Die bildungspolitischen Entscheidungen der Landesregierung lassen aus Sicht der CDU-Kreistagsfraktion völlig außer Acht, dass es neben dem allgemeinbildenden Schulsystem gerade auch im Kreis Esslingen ein sehr erfolgreiches berufliches Schulsystem gebe. Es biete vielen Schülerinnen und Schüler aus allen Schichten hervorragende Aufstiegsmöglichkeiten.

(pm) Mit dem beruflichen Schulwesen sei auch für mehr Bildungsgerechtigkeit gesorgt, betont die CDU-Fraktion. Aktuell werde in Baden-Württemberg jede zweite Hochschulzugangsberechtigung über das berufliche Schulsystem erworben. Nach der Ausrufung eines Zwei-Säulen-Modells mit Gymnasium und Gemeinschaftsschule gingen die aktuellen Übergangszahlen auf das Gymnasium Richtung 50 Prozent, in manchen Städten über 60.
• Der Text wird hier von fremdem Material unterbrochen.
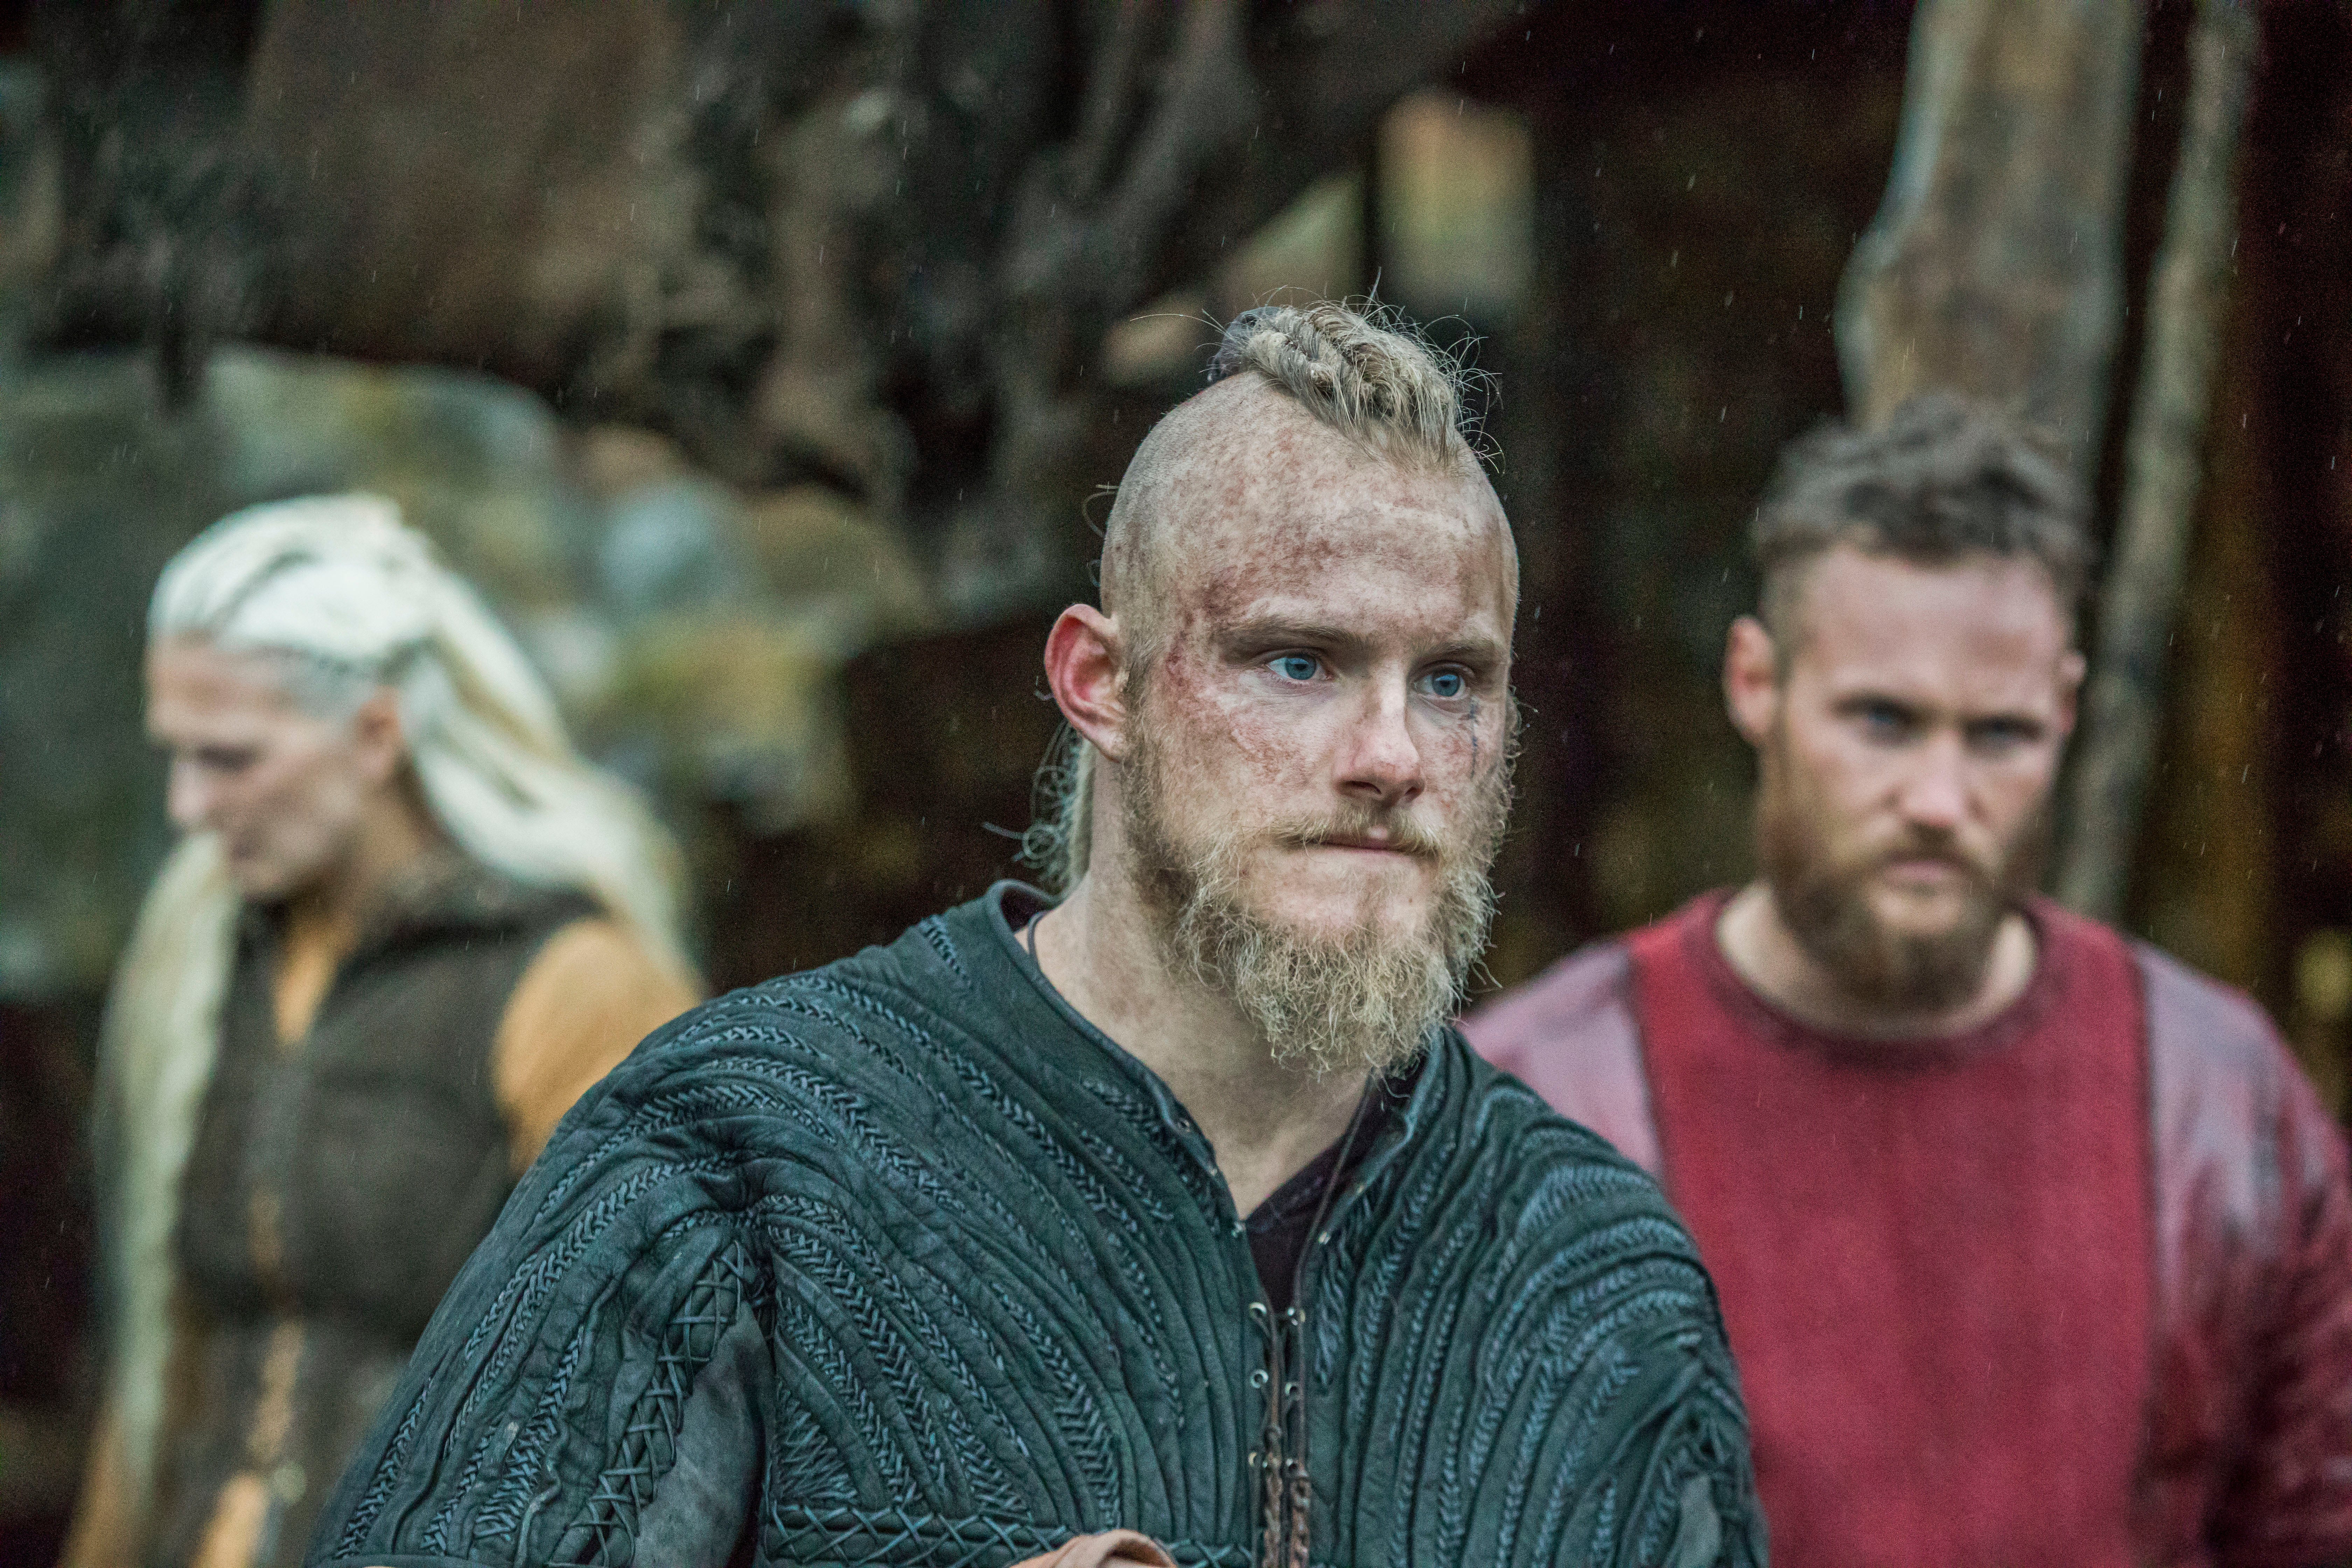 Bjorn Ironside sings country?' Vikings' Alexander Ludwig amazed by

Aus Sicht der CDU-Kreistagsfraktion sei das eine Entwicklung, die auf Dauer gesehen massive Auswirkungen auf die beruflichen Schulen und die vorhandene Schulstruktur insgesamt haben werde. „Zum einen muss auf kommunaler Ebene im Bereich der Gymnasien und Gemeinschaftsschulen neu investiert werden, während es zum anderen auf Kreisebene bei gleichzeitig sinkenden Schülerzahlen zu Überkapazitäten kommen dürfte“, so der Fraktionsvorsitzende Martin Fritz. Im vergangenen Jahr hätten bundesweit bei einem Rückgang von 8,8 Prozent nur 106 000 Studierende ein ingenieurwissenschaftliches Studium begonnen.